CMV is highly immunogenic and, more than the other human herpesviruses, appears to be inextricably linked to the ageing of the immune system. Establishment of chronic CMV infection leads to a clonal expansion of differentiated CMV-specific CD8+ T cells, which in older adults can account for up to 20% of the T cell repertoire [99]. Due to the dominance of CMV as a target for cell-mediated immunity, and the fact that primary CMV infection is ubiquitous in African children, some researchers have sought to study T cell responses to CMV, to gain insight into the development of immunity in African infants that might inform on vaccination strategies. Seminal studies from the Gambia used tetramer staining to show that even in young infants, primary CMV infection was followed by a rapid clonal expansion of differentiated CMV-specific CD8+ T cells [100], which persisted for at least 2 years after primary infection [57]. Even the overall CD8+ T cell population (which could have included T cells for other CMV antigens) acquired the same differentiated phenotype after CMV primary infection [100]. Conversely, CMV-specific CD4+ T cell responses do not appear to be so important for the control of CMV infection in the same infant population [57]. A study from Malawi compared CD4+ and CD8+ T cell phenotypes between HIV-1-negative Malawian and UK teenagers. All (n=59) Malawian participants were CMV IgG seropositive, compared with 36% (21/58) of UK teenagers. Malawian teenagers had a lower proportion of naïve T cells and a higher proportion of memory T cells compared with age-matched UK teenagers. Similarly, within the UK teenagers, those who were CMV seropositive had reduced proportions of naïve and increased memory T cells [101]. CMV appears to be a driving component of this earlier ageing of the immune system in African children, within the context of higher exposure to a range of pathogens in high disease-burden settings.

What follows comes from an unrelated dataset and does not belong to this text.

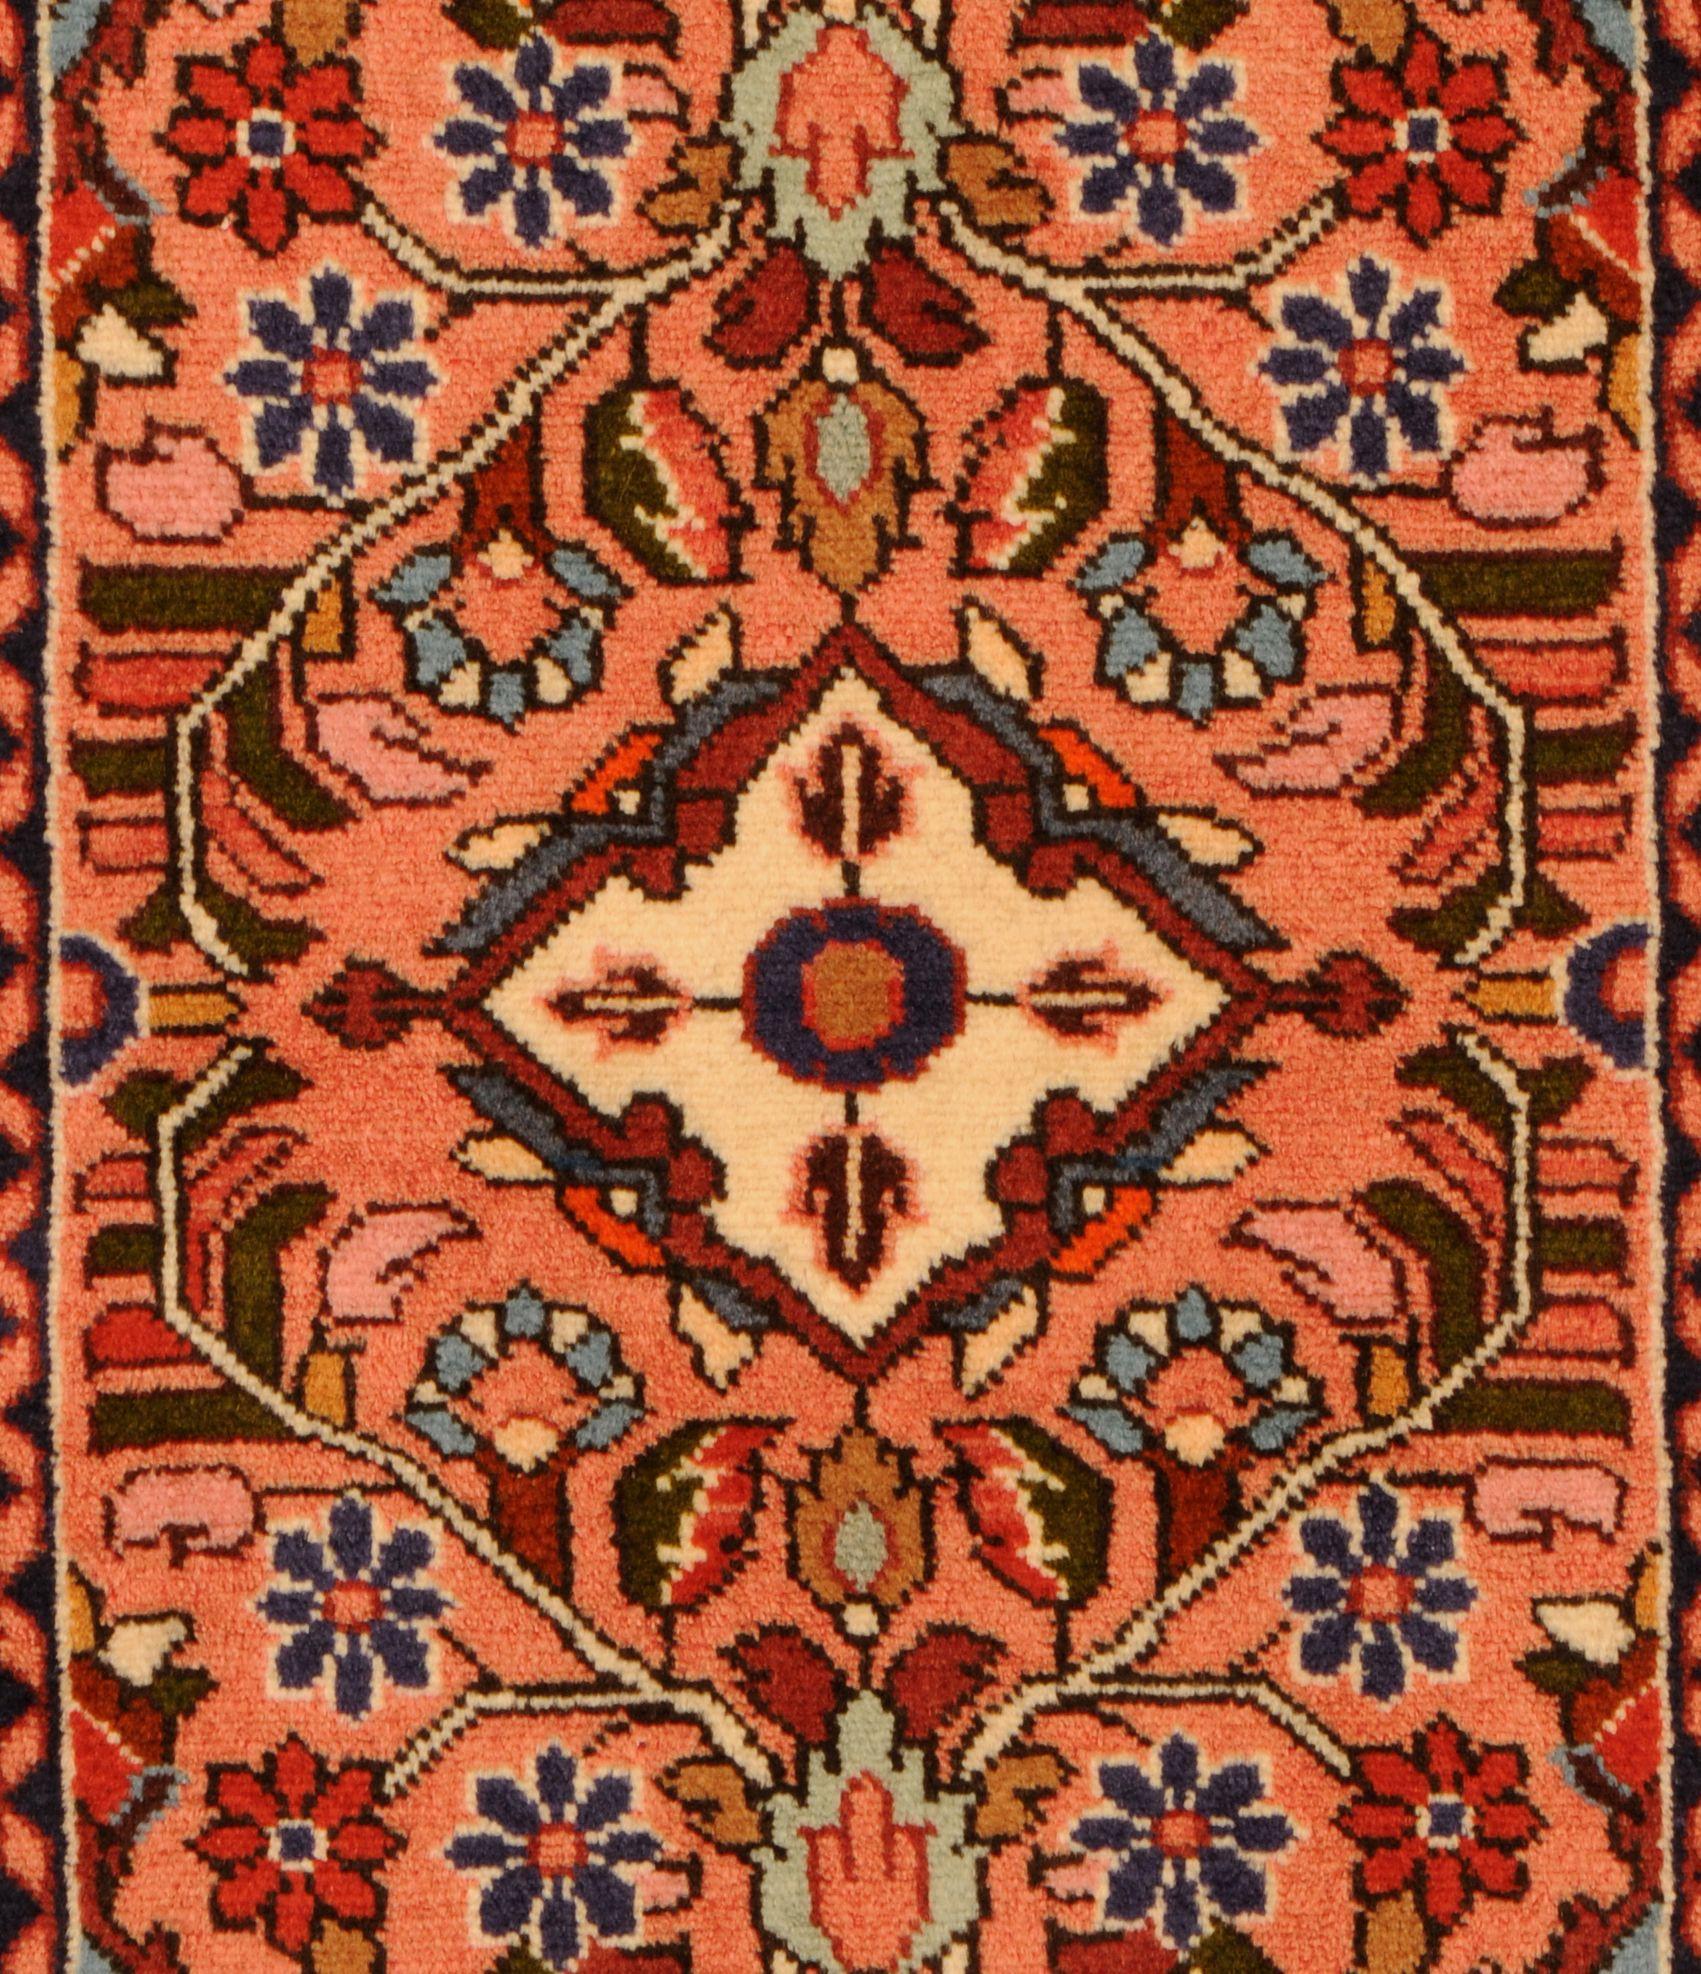 persian carpet patterns - Google Search | Iran | Pinterest ... for Aladdin Carpet Design  183qdu
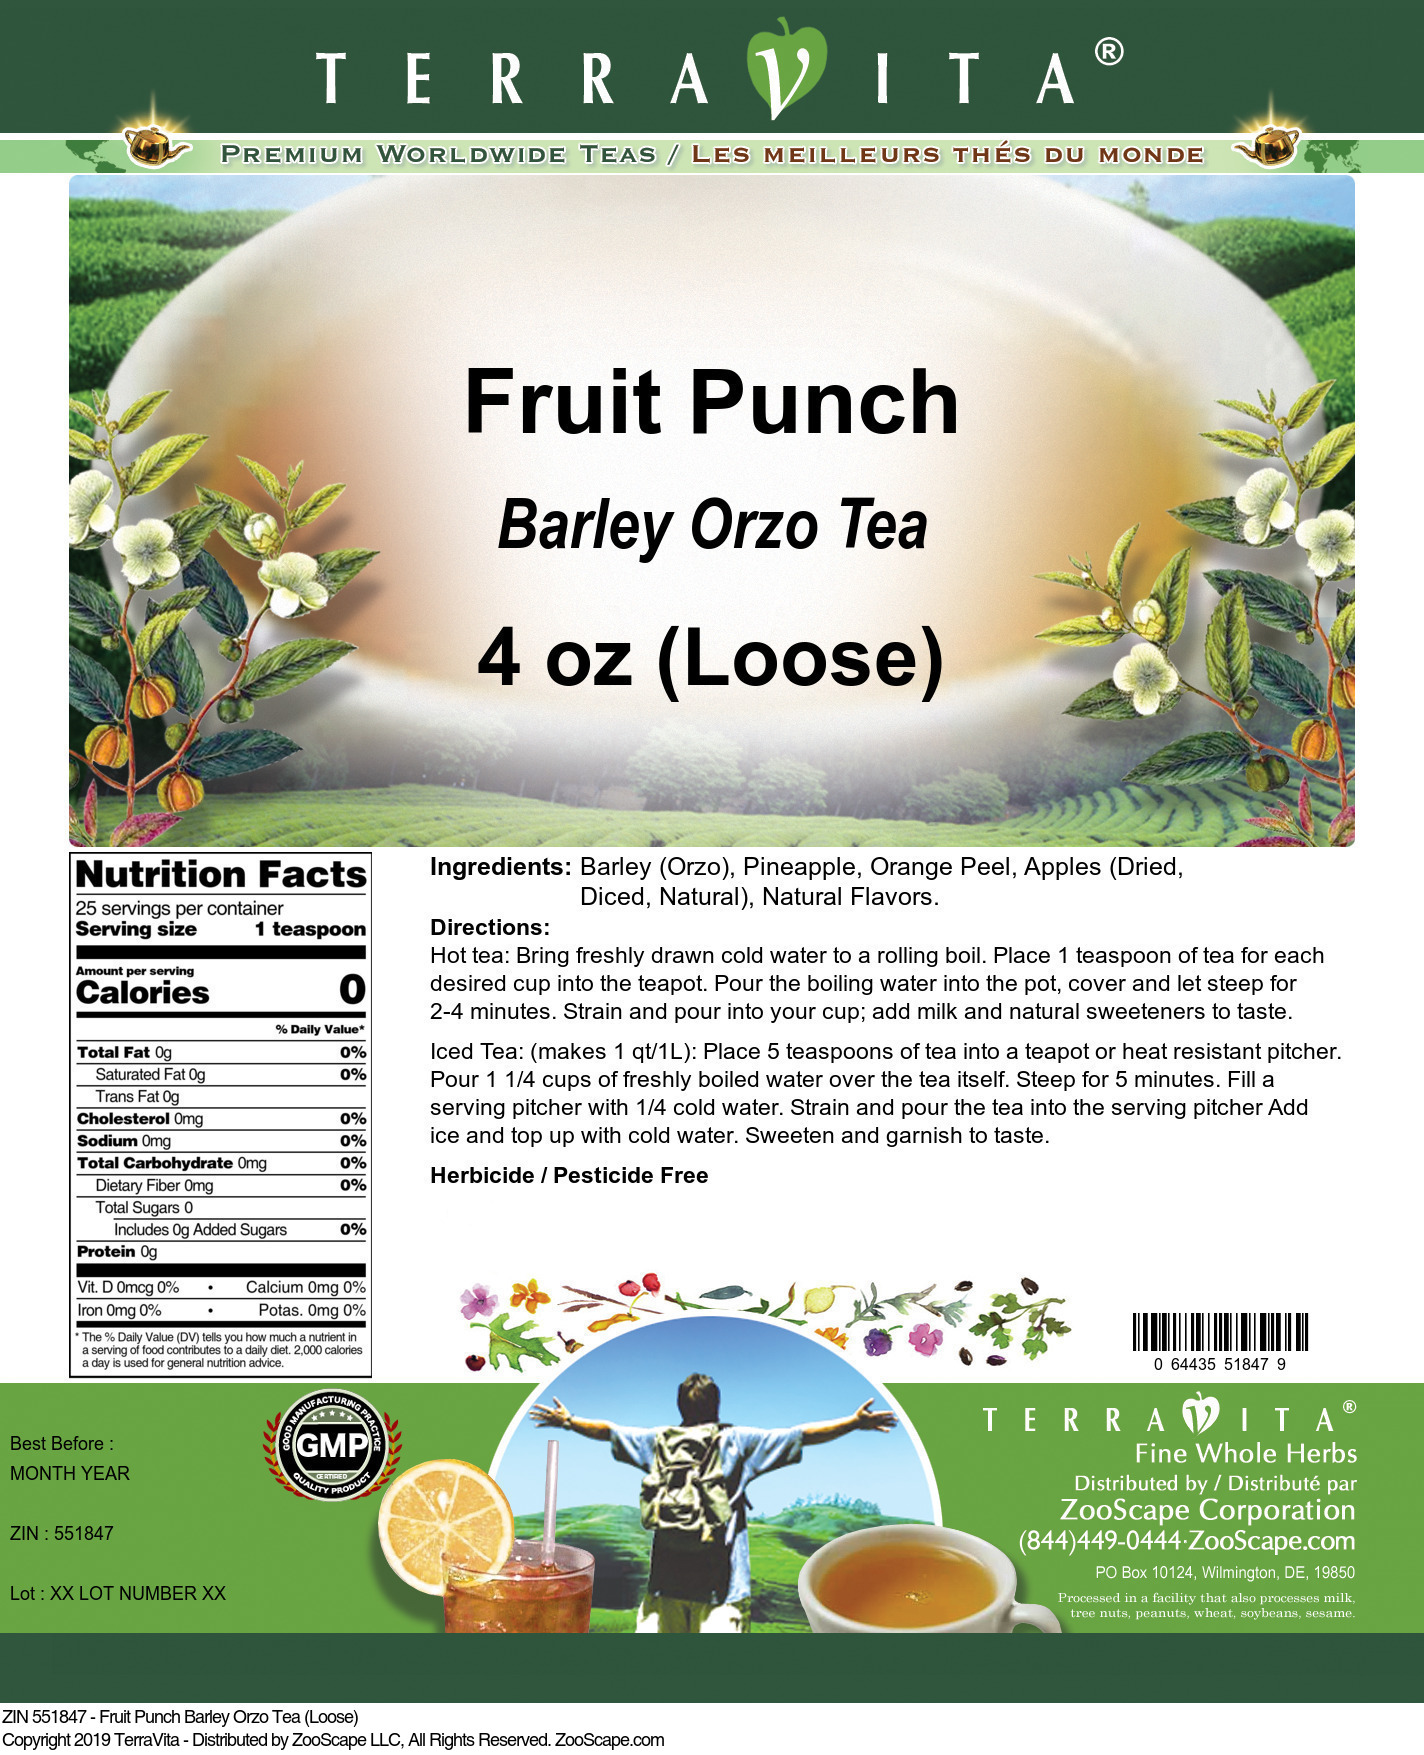 Fruit Punch Barley Orzo

A study that included adults and children from Tanzania replicated some of these findings, and also showed that among adults, increased IFN-γ and MIP-1β production by CMV-specific CD4+ T cells was linked independently to active TB infection [102]. There are strong parallels between CMV and TB: They both establish life-long latency, both reactivate upon immune suppression, both cause acute disease in a broad range of tissues, and both are associated with immune reconstitution inflammatory syndrome (IRIS) in patients initiating ART [103]. A recent study in HIV-infected adults from South Africa found that after ART, the recovery of pathogen-specific T cells is relative to their memory phenotype before treatment: for example, TB-specific T cells (which are generally less differentiated) have a higher replenishment capacity than those for CMV (which are generally more differentiated) [104].

Conclusions

CMV is emerging as an important pathogen in African populations, both as an acute cause of disease, and also as a more general marker for poor outcomes, in children and immunosuppressed patients. There is a need for greater implementation of diagnostic tests and clinical trials for treatment of acute CMV disease in patient groups such as HIV-infected or exposed children with CMV pneumonia, and in HIV-infected adults with evidence of active CMV infection or disease. Furthermore, for a range of clinical trials, vaccination and immunology studies focused on African patients with HIV or TB, investigators should consider the possible confounding effects of CMV infection and incorporate viral load testing into their protocols if appropriate.